# Late Season Squirrel Hunting



## Bassy (Apr 9, 2004)

Ok gang, I have never hunted squirrels this late in the season, I get off work at 3:30pm can be in the woods by 4, whats the best plan of attack? I always see them when Im in my treestand, so do you go and sit and wait or stalk hunt? whats everyone think?
Scott


----------



## misfit (Apr 5, 2004)

i think at this time of year,i'd stillhunt/stalk.


----------



## T-180 (Oct 18, 2005)

Just move slowly through the woods, stopping to look and listen every couple steps. The squirrels are very active right now and they are very easy to hear when on the ground or see when they're in the trees. Find the food source and fill your limit ; they are still hitting the hickory nuts hard and are starting on the walnuts. My son has been bringing a couple home every night that he's gotten while running his trapline.


----------



## Micro_Mini_Angler (Jun 15, 2006)

i don't know, we just went out today, we saw about 5 but all were very jumpy and only go a shot at 2 of the cuz they ran back to their holes. we got 1 though.


----------



## C J Hughes (Jan 24, 2006)

50lb bag of corn , sit in your tree stand and wait like shooting fish in a barrel . I did call and asked the DNR they said they never heard of anyone doing that but they said it isn't against the law . You might be to late it takes a couple of days for them to find it , season goes out this week . Of course you would only use a scoped 17 or 22 , shotgun would be cheating .


----------



## jmenchhofer (Jan 12, 2007)

Bag of corn sounds a lot like cheating to me...but if the GW says it's legal, then to each his own, I guess.


----------



## C J Hughes (Jan 24, 2006)

I would have to agree it is cheating . But after sitting in my tree stand waiting for deer to come in and having as many as 21 bushy tails at one time eating the corn I put out for the deer something had to be done . I guess shooting them with a single shot 22 makes me feel alittle better about it not much but some.
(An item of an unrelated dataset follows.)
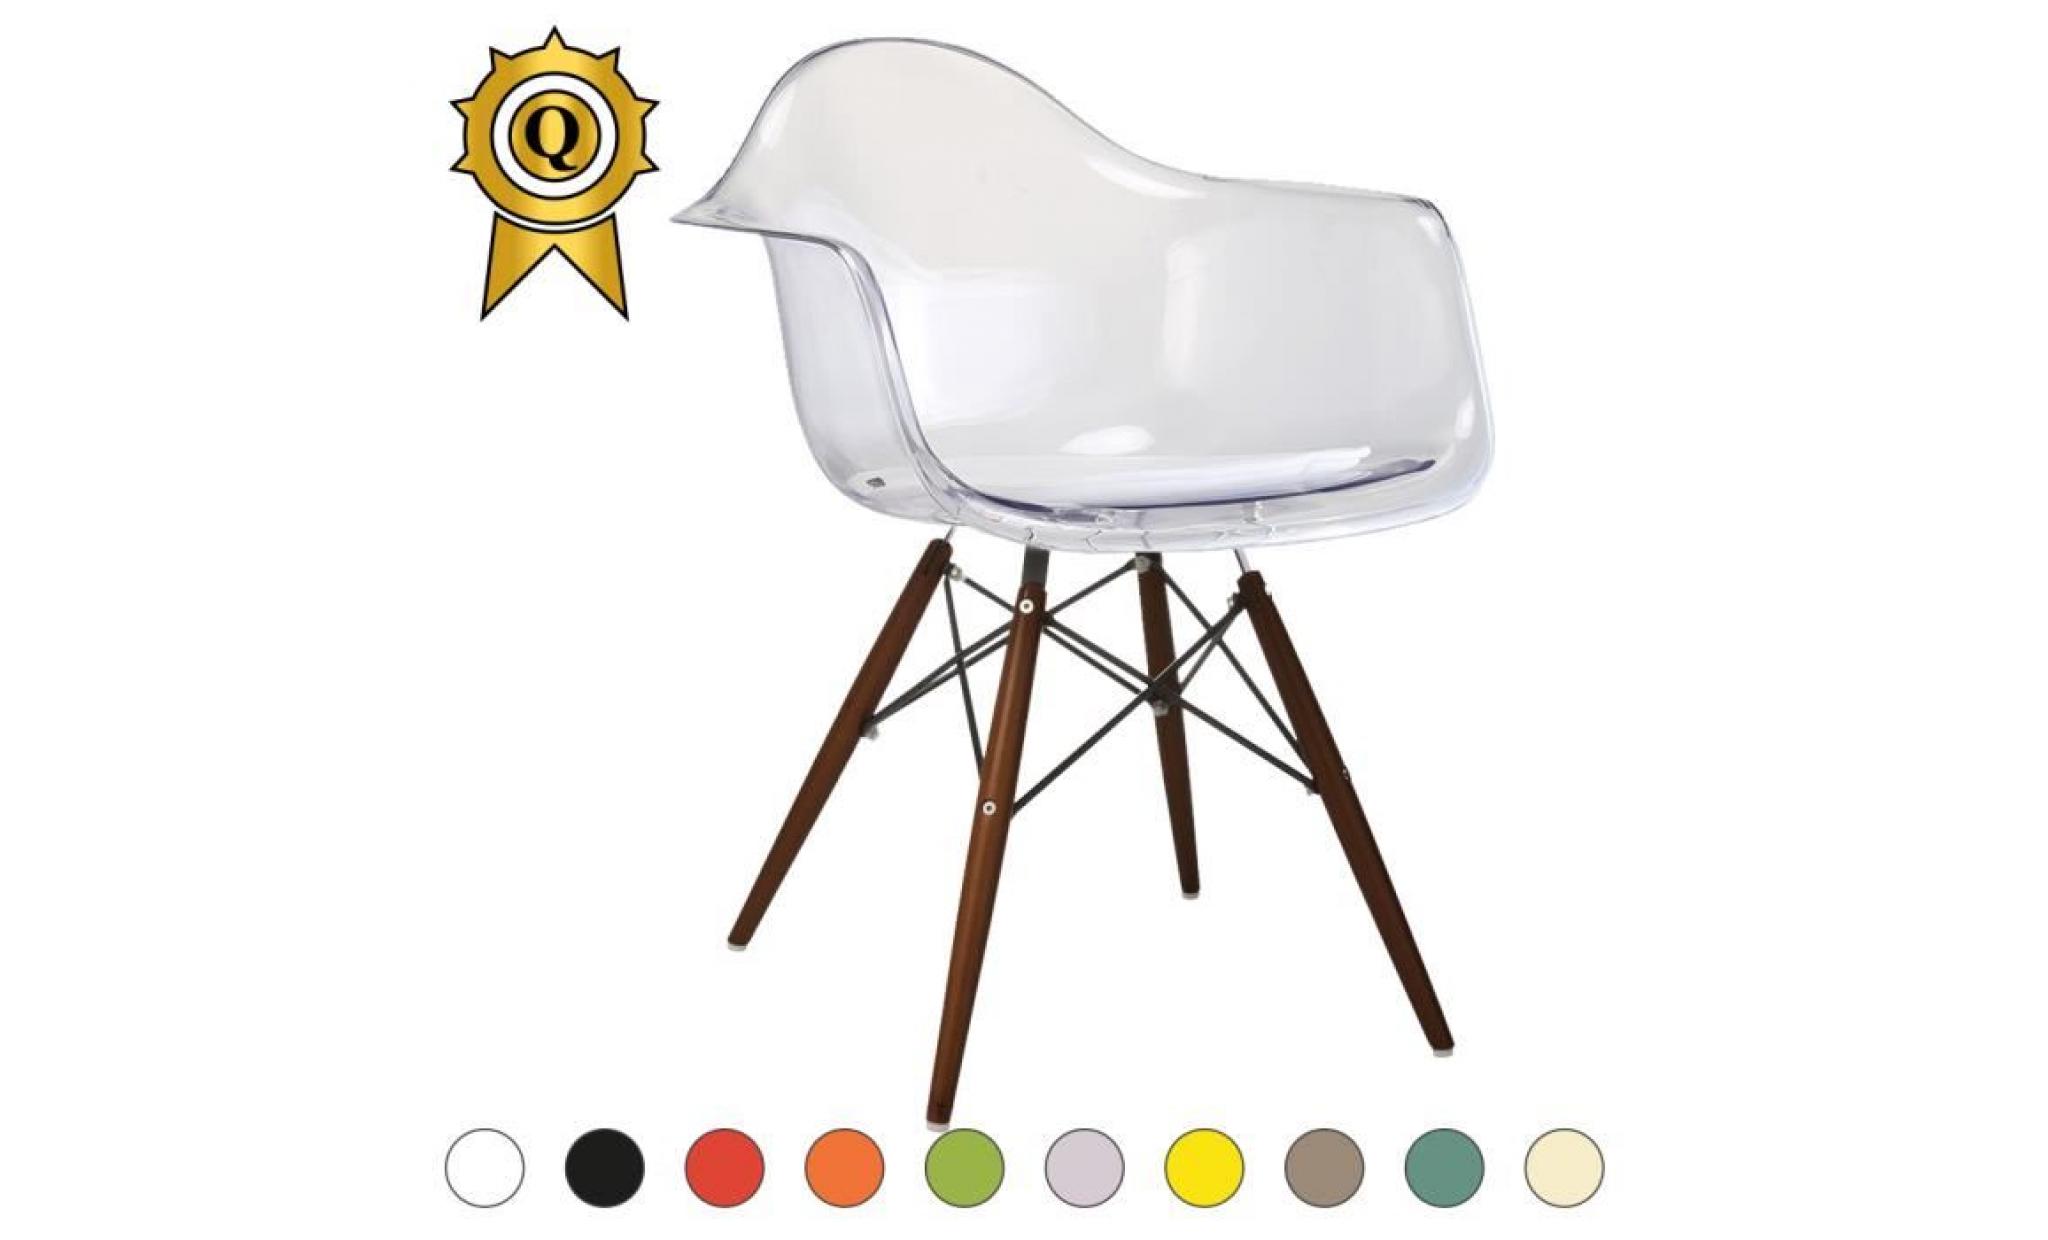 1 x fauteuil design retro style eames daw hauteur 48cm pieds en bois vernis noyer assise bordeaux mobistyl®

It is more like rodent control .


----------



## Shortdrift (Apr 5, 2004)

Sounds more like killing than hunting. Maybe corn and leghold traps so all you have to do is stop by and collect them.


----------



## jmenchhofer (Jan 12, 2007)

When I have your problem, I like to shoot at them with my bow! I admit it doesn't help the deer hunting much, but it sure is fun! A couple of years ago, I killed 3 or 4 squirrels in 7 shots with my bow. Makes me feel more confident should the right deer come along.


----------



## treefrog (Sep 15, 2005)

I always have a arrow just for squirrels while deer hunting in October.Funny thing is it seems every time I pull back on a tree rat out pops a doe.Im already standing and at full draw so all I have to do is adjust and release..


----------



## soroker74 (Feb 27, 2006)

I will be hunting for the very 1st time in my life. I dont know where to go to hunt and for the safety course. HELP! please?


----------



## T-180 (Oct 18, 2005)

Soroker,
For the safety course, just go to the ODNR web site or call 1-800-WILDLIFE and they will tell you where the closest one is. As for hunting them, just find a woodlot anywhere. get permission, & have at it. They are the most under-utilized (is that a word ??) game animal in the state & are literally everywhere. Not sure where Lakewood is, but I'd be more than willing to take you out here in central Ohio and show you the ropes. My son (15) & I do a bunch of squirrel hunting and absolutely love it. Good practice for deer hunting, too. let me know if you need help or advice.
Tim


----------